Accommodation is not a system
A hotel room, a barracks room and a dormitory bed answer the same narrow question: where does someone sleep tonight? They do not answer the larger question: how quickly is the claim decided, how quickly is protection granted where it is owed, and how quickly is removal completed where the claim fails?
The asylum hotel system grew because the Home Office allowed the casework backlog to become an accommodation industry. Once delay becomes normal, private accommodation becomes permanent by accident. Moving people to military sites may lower visibility and cost in some places. It does not itself shorten the wait.
The programme answer
Domestic processing centres
Former military sites are repurposed under emergency planning powers. Claimants are housed in basic managed accommodation while the claim is assessed. This is not a prison. It is a controlled processing environment with legal advice, medical care, outdoor access and family safeguards.

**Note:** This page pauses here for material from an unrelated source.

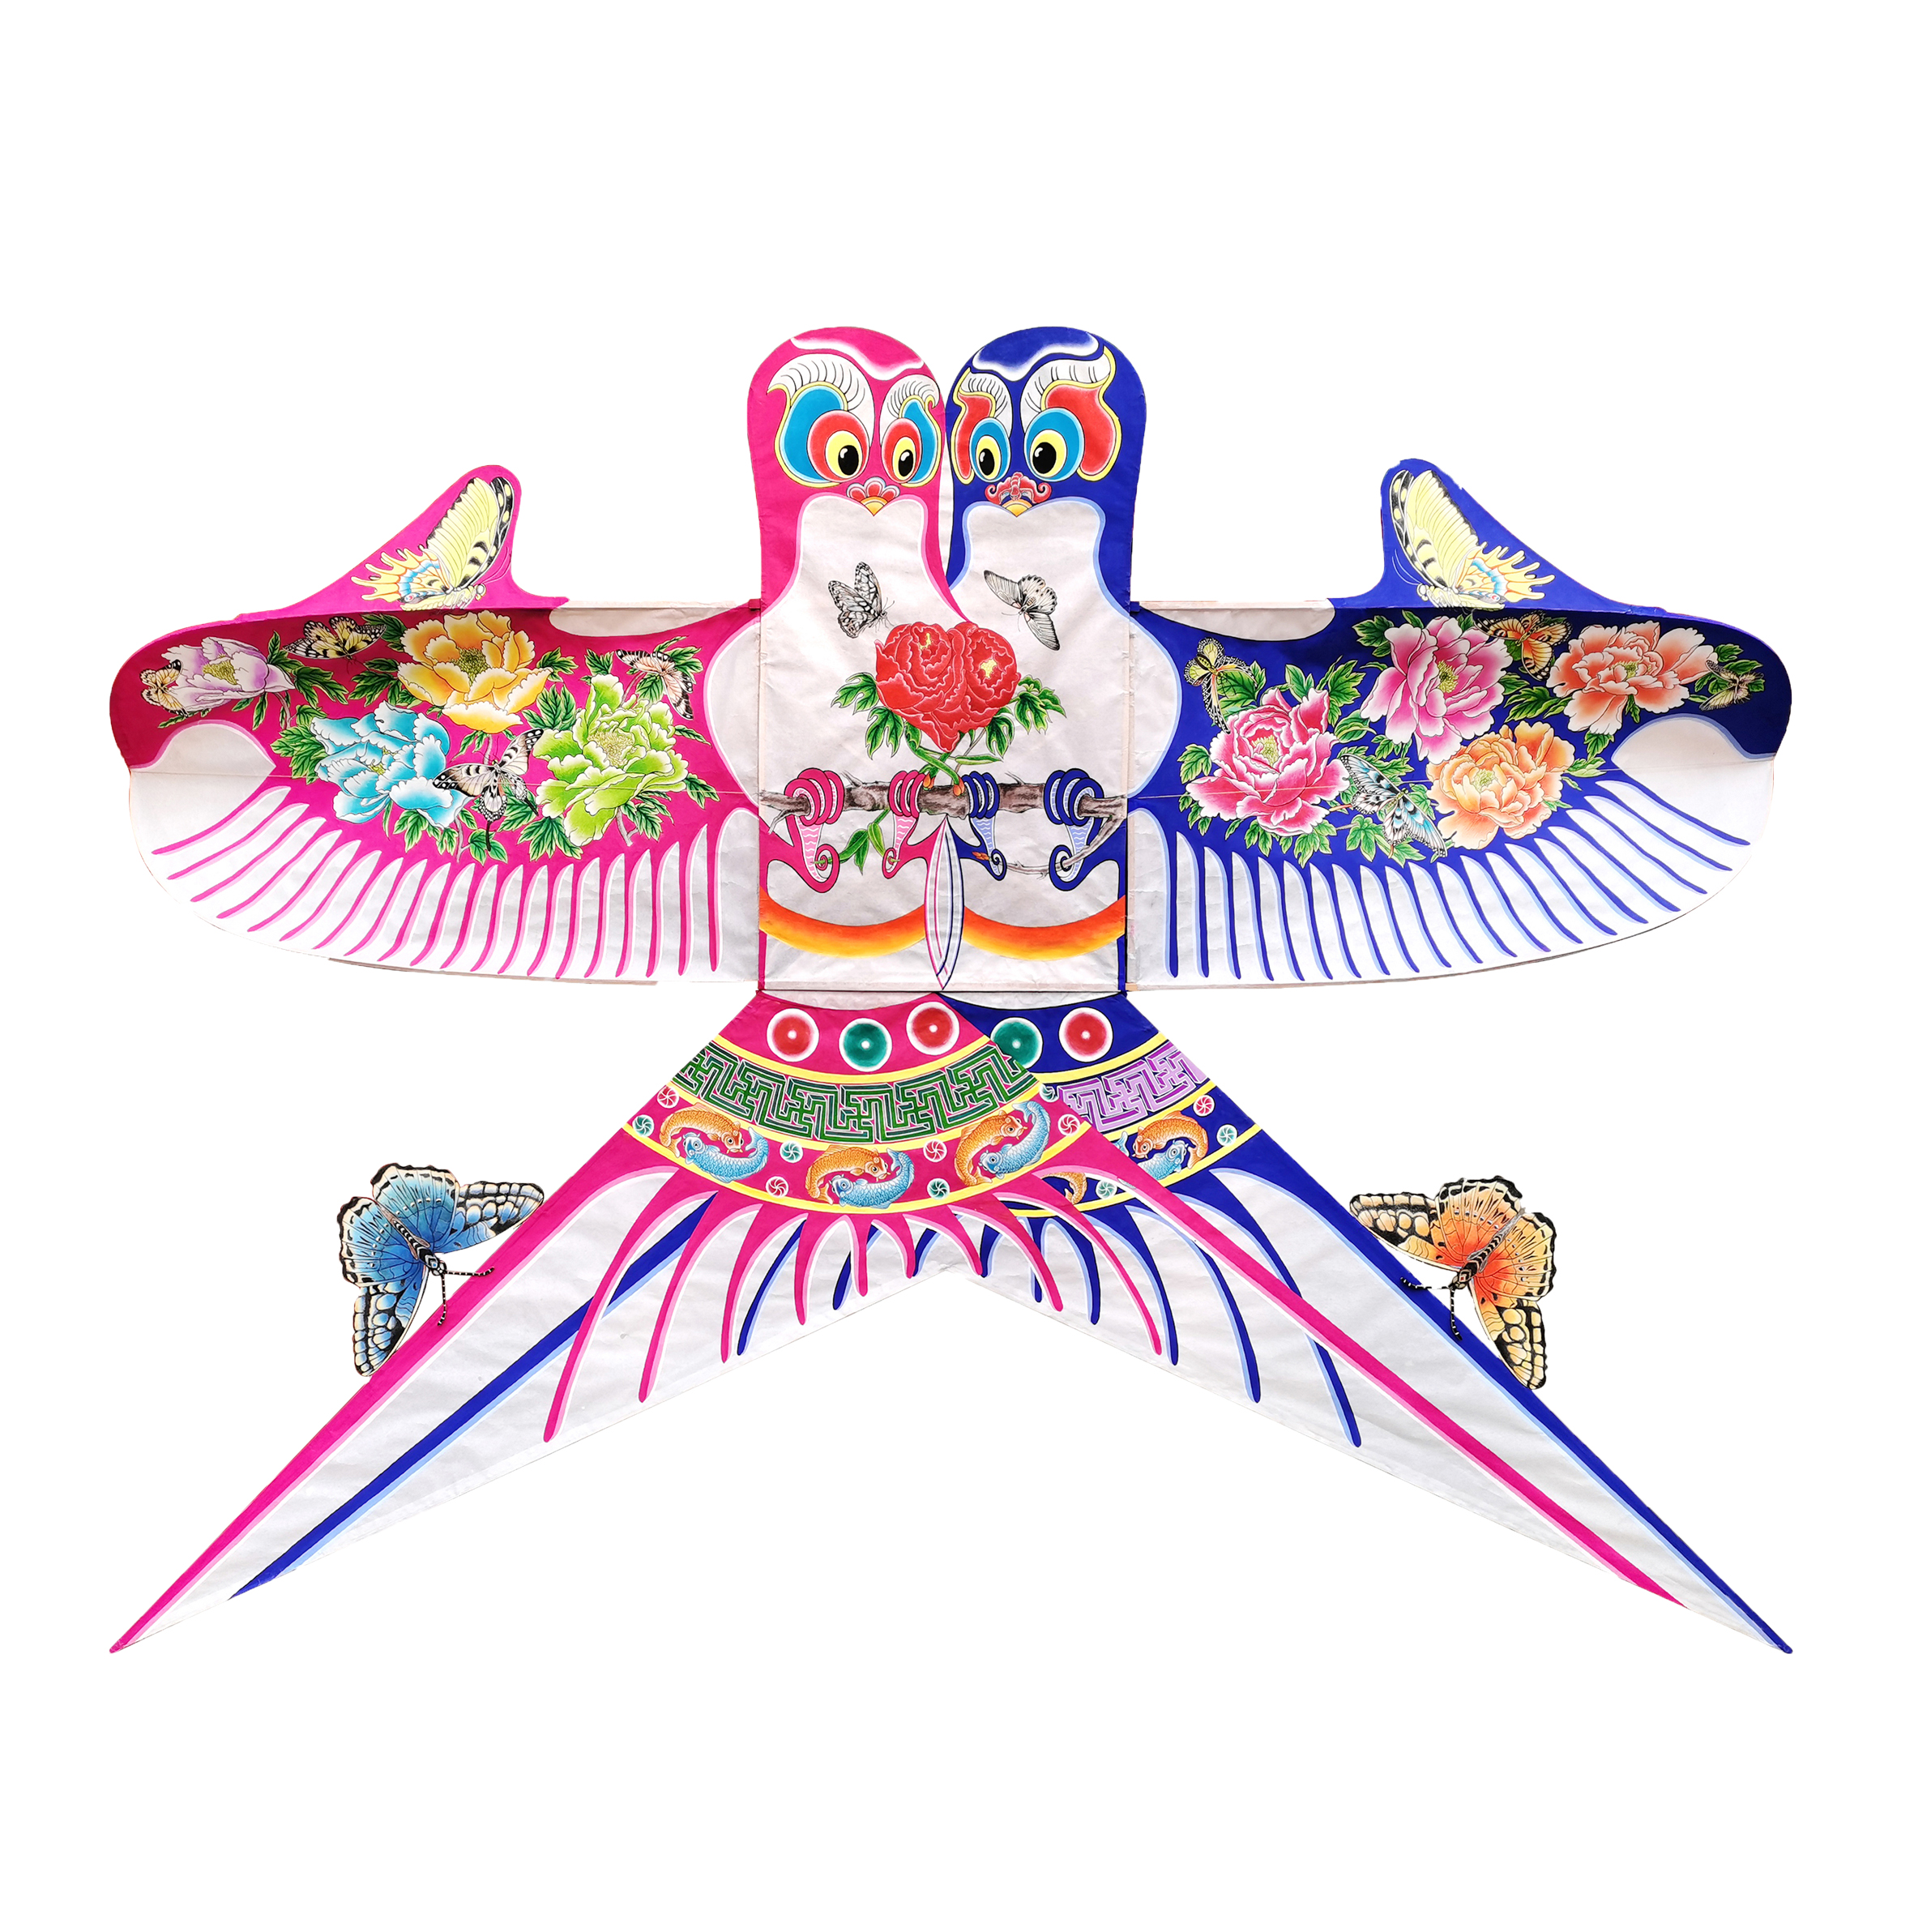 预售定制款「曹雪芹风筝艺术品」缪伯刚亲自手绘传统风筝《比翼双飞》

Caseworkers before contracts
The backlog is cleared by hiring caseworkers at scale. The programme spends money on decisions rather than on managed delay. Every month saved reduces accommodation pressure and removes the market in failure.
Tribunals from week eight
Immigration tribunals can run extended hours by ministerial direction. No jury. No prison transport. Remote hearings already normal. The same estate can hear far more cases if the lights stay on into the evening.
Returns infrastructure
A refused claim has to lead to removal. Commonwealth visa leverage, return agreements and Albania processing are not separate from hotel closure. They are what makes hotel closure real.
The political test
If a minister announces the end of hotels but cannot say where people go, how claims are decided, how appeals are heard and how returns happen, the announcement is a press line rather than a plan. Voters can tell the difference.
The programme is harder because it names the machinery. Domestic processing centres. Caseworker recruitment. Extended tribunal hours. Returns leverage. That is the difference between moving people and solving the system.
The programme position
End hotels by ending delay. A system that takes ten weeks does not need a permanent hotel estate. A system that takes years will recreate one, whatever the building is called.